Bahkan sekarang senior yang baru saja dipukul Benny pun segera ikut melancarkan pukulannya, sedang senior lainnya yang berbadan lebih besar mengunci leher Benny dari belakang, membuat dirinya tidak bisa bergerak dan terpaksa akan menjadi samsak tinju kembali.
Disaat itu Cindy dengan tubuh mungilnya mendekat dengan cepat ke arah para senior untuk menyelamatkan Benny. Tiga orang senior yang melihat Cindy mendekat, bersiap untuk menyambut Cindy dengan pukulan. Perkelahian pun seketika terjadi, Cindy bergerak ke samping kanan, kiri dan menunduk dengan sigap menghindari semua serangan dari ketiga orang itu.

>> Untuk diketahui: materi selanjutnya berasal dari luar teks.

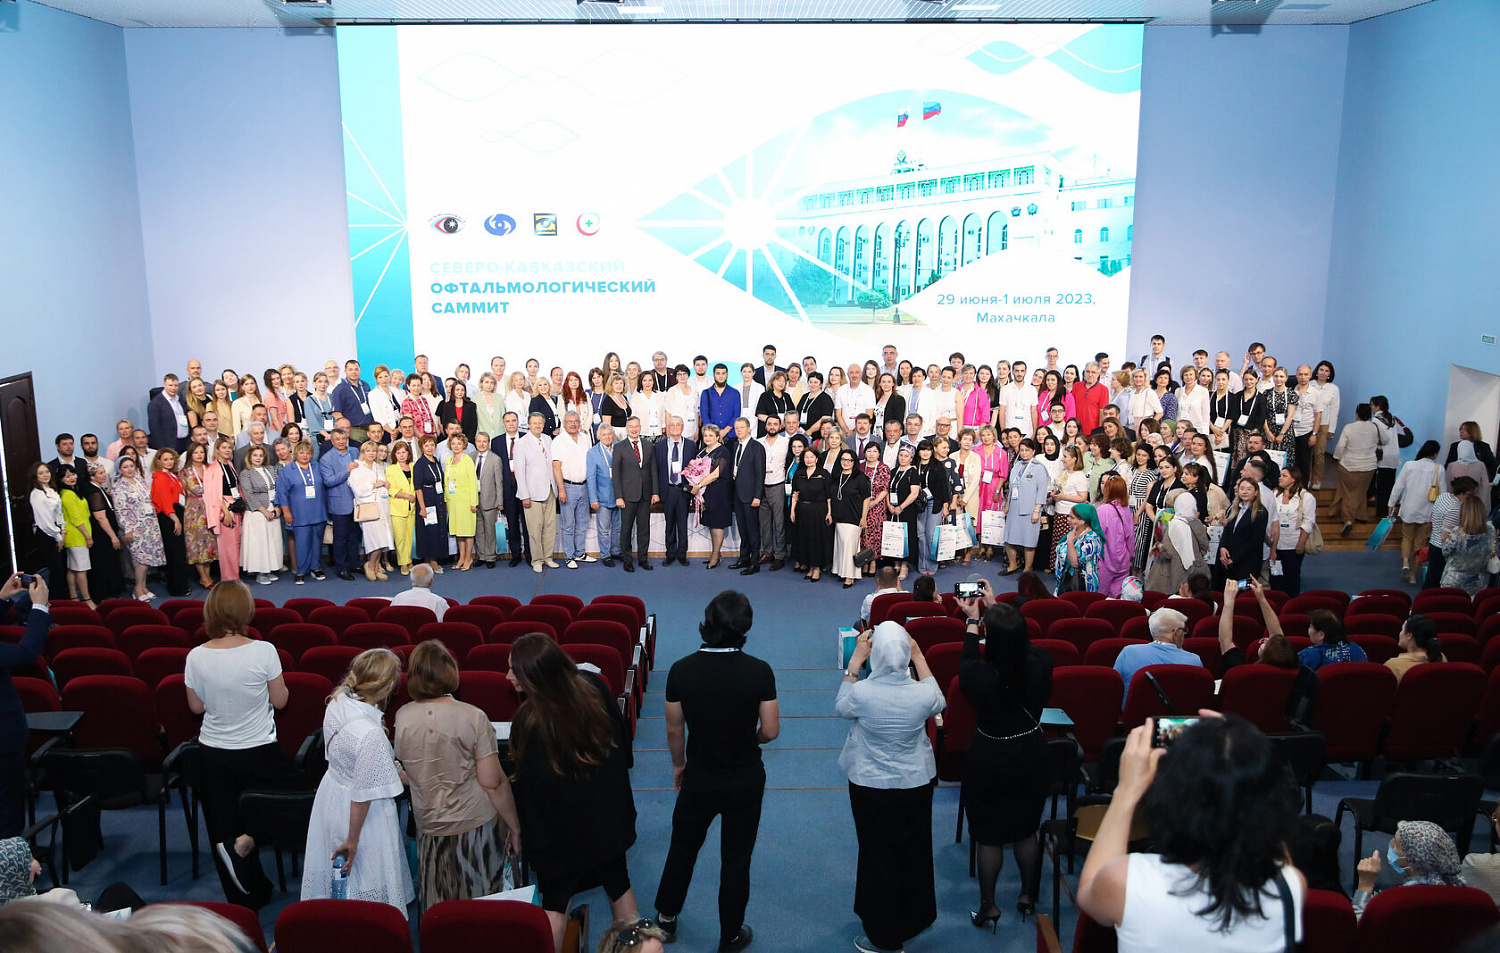 Северо-Кавказский офтальмологический саммит 2023

“Cindy mengelak dengan sangat bagus menghadapi tiga orang itu, sepertinya dia lebih hebat dari yang aku perkirakan” pikir Riyan yang memperhatikan dari balik pintu
Disaat yang sama, seorang senior di depan Benny terlihat sedang menelpon temannya. Melihat kesempatan itu, Benny mengerahkan segenap tenaganya untuk melompat dan menendang senior yang sedang menelpon di depannya.
Dengan menggunakan kedua kakinya untuk menedang, Benny membuat senior itu terjatuh dan handphone terlepas dari tangannya. Tendangan itu sekaligus membuat orang yang menguncinya dari belakang ikut terdorong mundur bersama tubuh Benny. Akan tetapi dia masih belum bisa membebaskan diri dari kuncian orang besar itu.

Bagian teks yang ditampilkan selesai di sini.